Saturday, December 14, 2013

Seth: The Individual and the Nature of Mass Events Session 803


Session 803



Your scientists are beginning to understand man’s physical relationship with nature.  The species is obviously a part of nature and not apart from it.

Environmental questions are being raised about man’s effects upon the world in which he lives.  There is, however, an inner environment that connects all consciousnesses that dwell upon your planet, in whatever form.  This mental or psychic – or in any case nonphysical – environment is ever in a state of flux and motion.  That activity provides you with all exterior phenomena.

Your sense perception, physically speaking, is a result of behavior on the part of organs that seem to you to have no reality outside of their relationship with you.  Those organs are themselves composed of atoms and molecules with their own consciousnesses.  They have, then, their own states of sensation and cognition.  They work for you allowing you to perceive physical reality.

Your ears certainly seem to be permanent appendages, and so do your eyes.  You say: “My eyes are blue,” or “My ears are small”.  The physical matter of those sense organs changes constantly, however, with you none the wiser.  While your body appears quite dependable, solid, [and] steady, you are not aware of the constant interchanges that occur between it and the physical environment.  It does not bother you one whit that the physical substance of your body is made up of completely different atoms and molecules than it was composed of seven years ago, [say], or that your familiar hands are actually innocent of any smallest smidgen of matter that composed them [even in recent times past].

You perceive your body as solid.  Again, the very senses that make such a deduction are the result of the behavior of atoms and molecules literally coming together to form the organs, filling a pattern of flesh.  All other objects that you perceive are formed in their own way in the same fashion.

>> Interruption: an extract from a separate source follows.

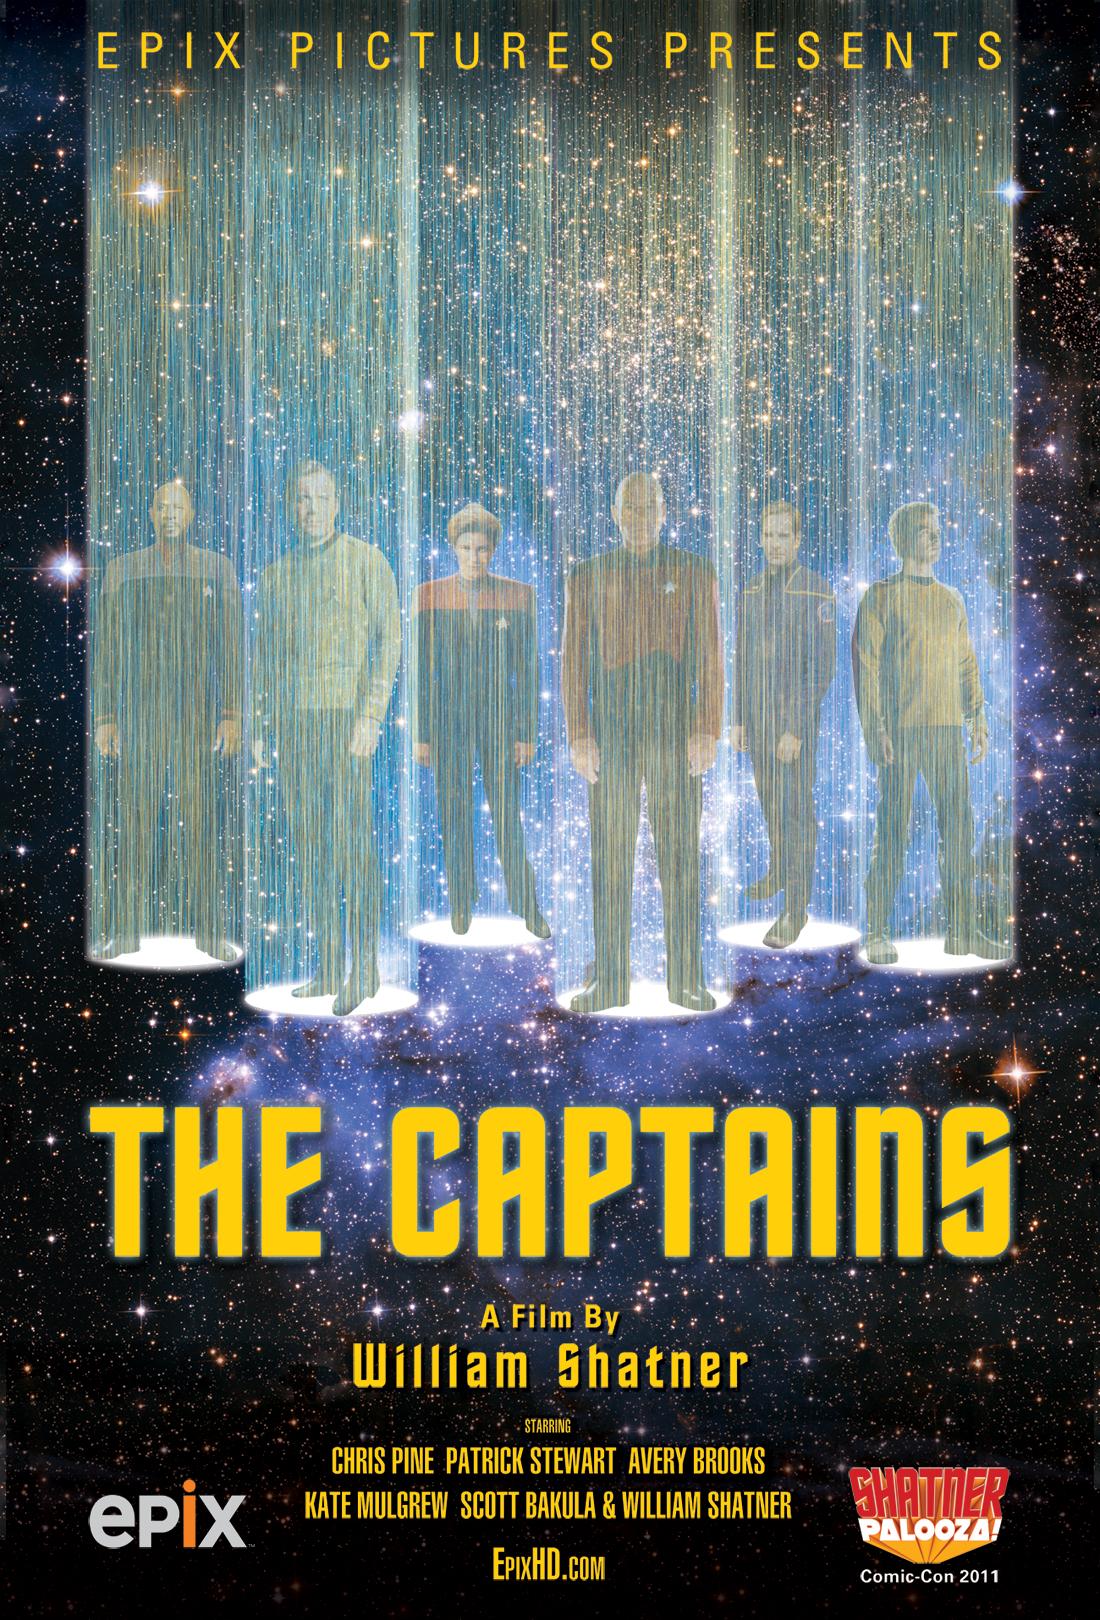 'Star Trek' Captains Join Forces in New William Shatner Documentary

The physical world that you recognize is made up of invisible patterns.  These patterns are “plastic”, in that while they exist, their final form is a matter of probabilities directed by consciousness.  Your senses perceive these patterns in their own ways.  The patterns themselves can be “activated” in innumerable fashions.  There is something out there to observe.

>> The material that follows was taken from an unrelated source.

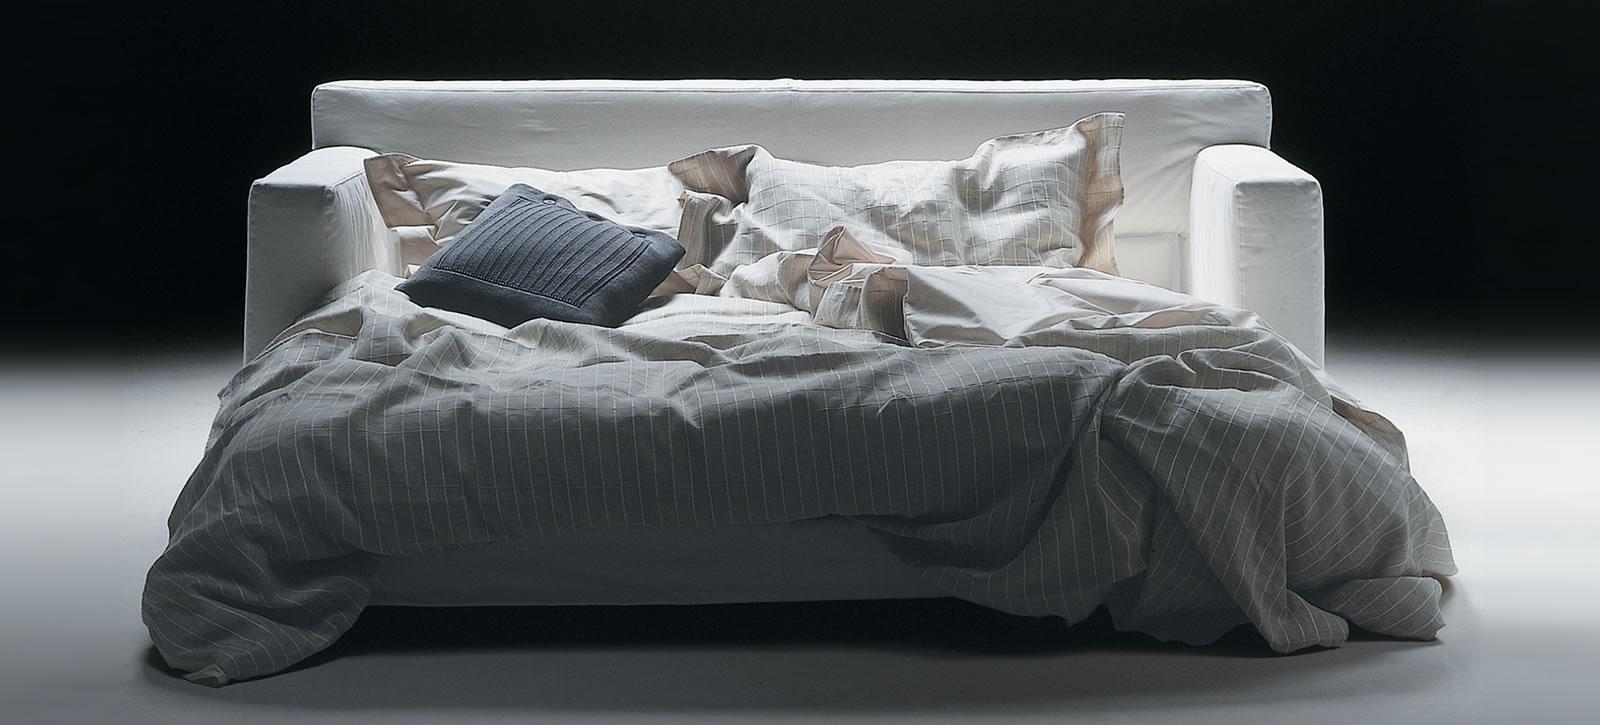 Winny flexform - Flexform divani letto ...

Your sense apparatus determines what form that something will take, however.  The mass world rises up before your eyes, but your eyes are part of that mass world.  You cannot see your thoughts, so you do not realize that they have shape and form, even as, say, clouds do.  There are currents of thought as there are currents of air, and the mental patterns of men’s feelings and thoughts rise up like flames from a fire, or steam from hot water, to fall like ashes or like rain.

All elements of the interior invisible environment work together, and they form the temporal weather patterns that are exteriorized mental states, presenting you locally and en masse, then, with a physical version of man’s emotional states.

The physical planet is obviously also ever-changing while it is operationally or realistically or pragmatically relatively stable.  The physical matter of the planet is composed of literally infinite hordes of consciousnesses – each experiencing its own reality while adding to the overall cooperative venture.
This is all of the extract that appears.